Bonnell v. Jacobs

36 Wis. 59 | Wis. | 1874

Lyon, J.

The answer does not controvert any of the material allegations of the complaint, and hence it admits those allegations to be true. R. S., ch. 125, sec. 31 (Tay. Stats., 1444, § 33). Had no evidence been given in the case, the plaintiff would have been entitled, on the pleadings, to judgment for the sum demanded in the complaint. The issue which was tried was made upon the counterclaim of the defendant, and is entirely independent of the cause of action stated in the complaint. The affirmative of such issue was with the defendant. And it is very clear that he should have been allowed to open and close the argument to the jury. His right to do so is not affected by the fact that another issue was made by the reply. But we do not find it necessary to determine whether the refusal of the court to allow him that privilege or right was an error injurious to the defendant, and sufficient, under the circumstances of the case, to work a reversal of the judgment, for the reason that we think the record discloses another error which is necessarily fatal to the judgment.

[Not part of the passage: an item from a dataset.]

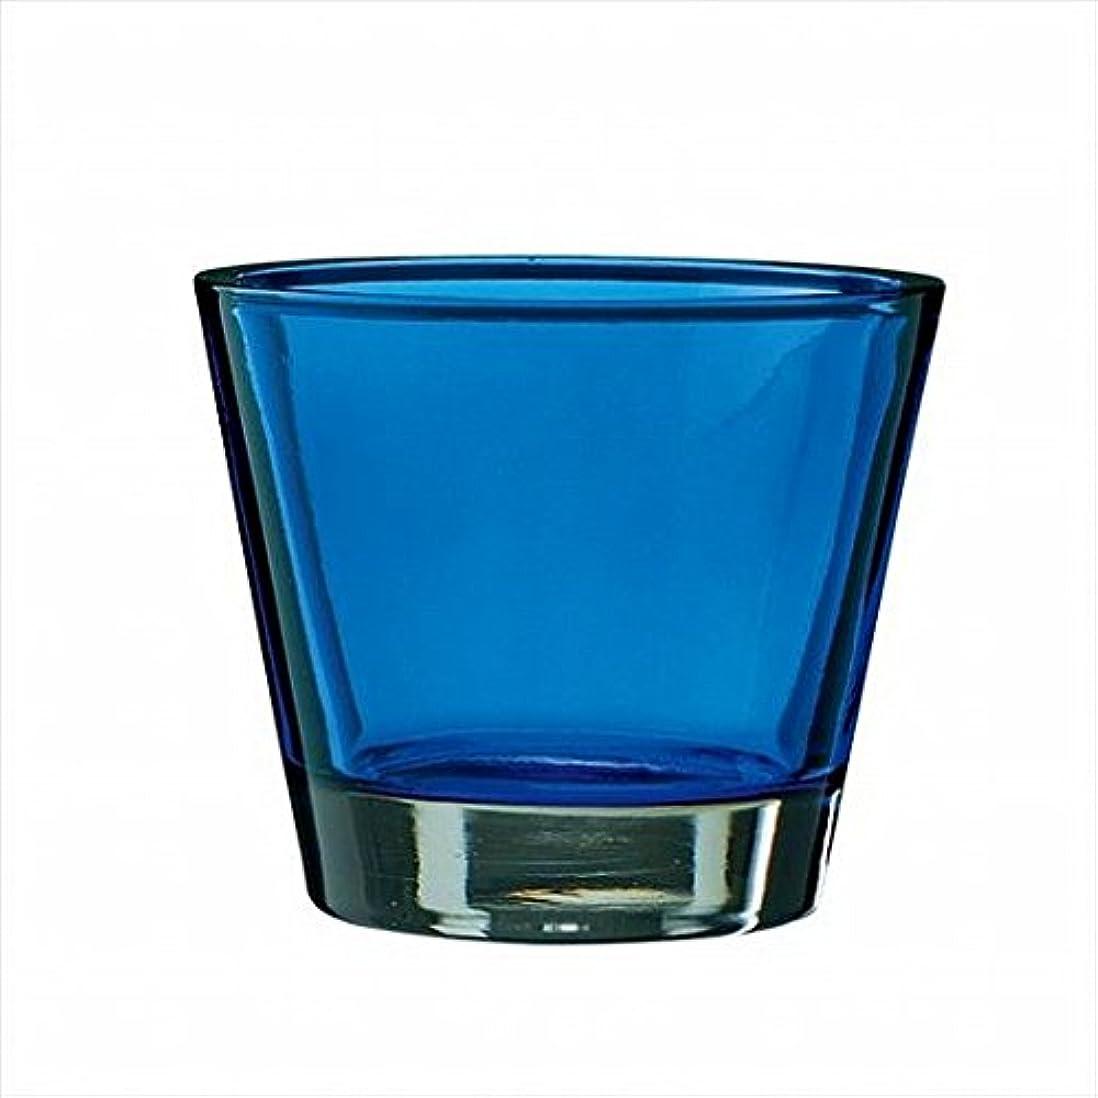 アルカイックペンスシャッフルkameyama candle(カメヤマキャンドル) カラリス 「 ブルー 」 キャンドル 82x82x70mm (J2540000B)
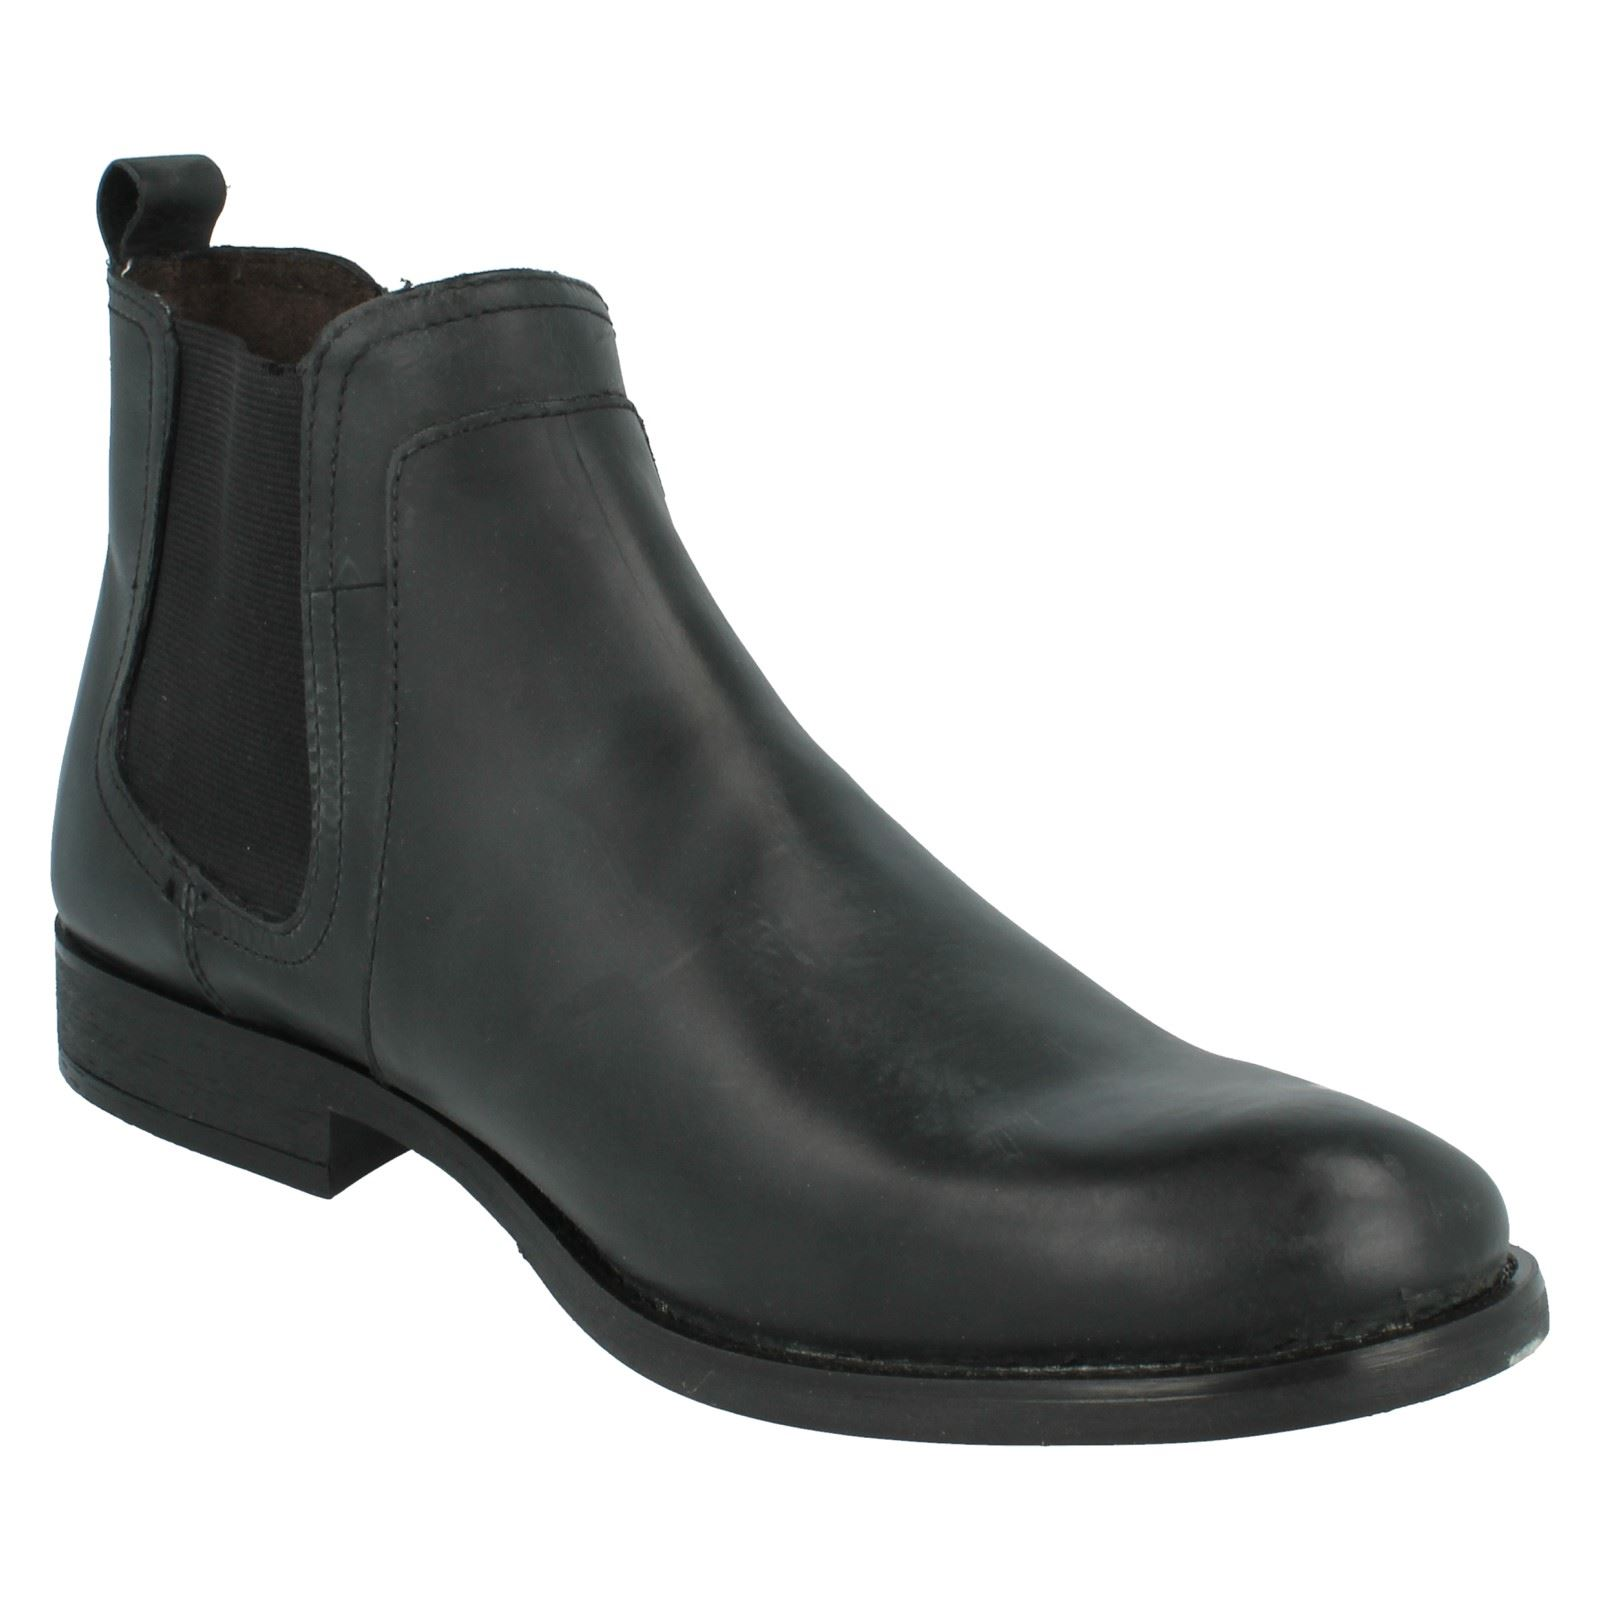 Homme Femme Homme Base   Bottines Style-Dartmouth durabilité Connu fonction spéciale Connu durabilité pour sa belle qualité a62e83

The learned circuit judge instructed the jury (among other things) as follows : So if you find from the evidence in this case that there was any defect in the machine itself, it would have been the duty of the defendant in this case to give Mr. Bonnell notice that the furnace was defective and to come there and perfect it, or take it away within a reasonable time. If he did not give such notice, and kept it, he would be deemed in the law to have waived any claim for the defect.” To this instruction the defendant excepted.

The instruction is erroneous. The. law is well settled in this *63state, by repeated adjudications of this court, that “in case of a warranty, direct or implied, where the article purchased proves defective or unfit for the use intended, the purchaser may, without returning or offering to return it, and loithout notifying the vendor of its defects, bring his action for the recovery of damages, or, if sued for the price, may set up and have such damages allowed to him by way of recoupment from the sum stipulated to be paid.” Fisk v. Tank, 12 Wis., 302; Getty v. Rountree, 2 Pinney, 379 (2 Chand., 28); Ketchum v. Wells, 19 Wis., 75; Boothby v. Scales, 27 id. (626), 638. The rule thus established is conclusive of this case, and any discussion of it here is unnecessary, and would be quite unjustifiable.

By the Court. — The judgment is reversed, and a new trial awarded.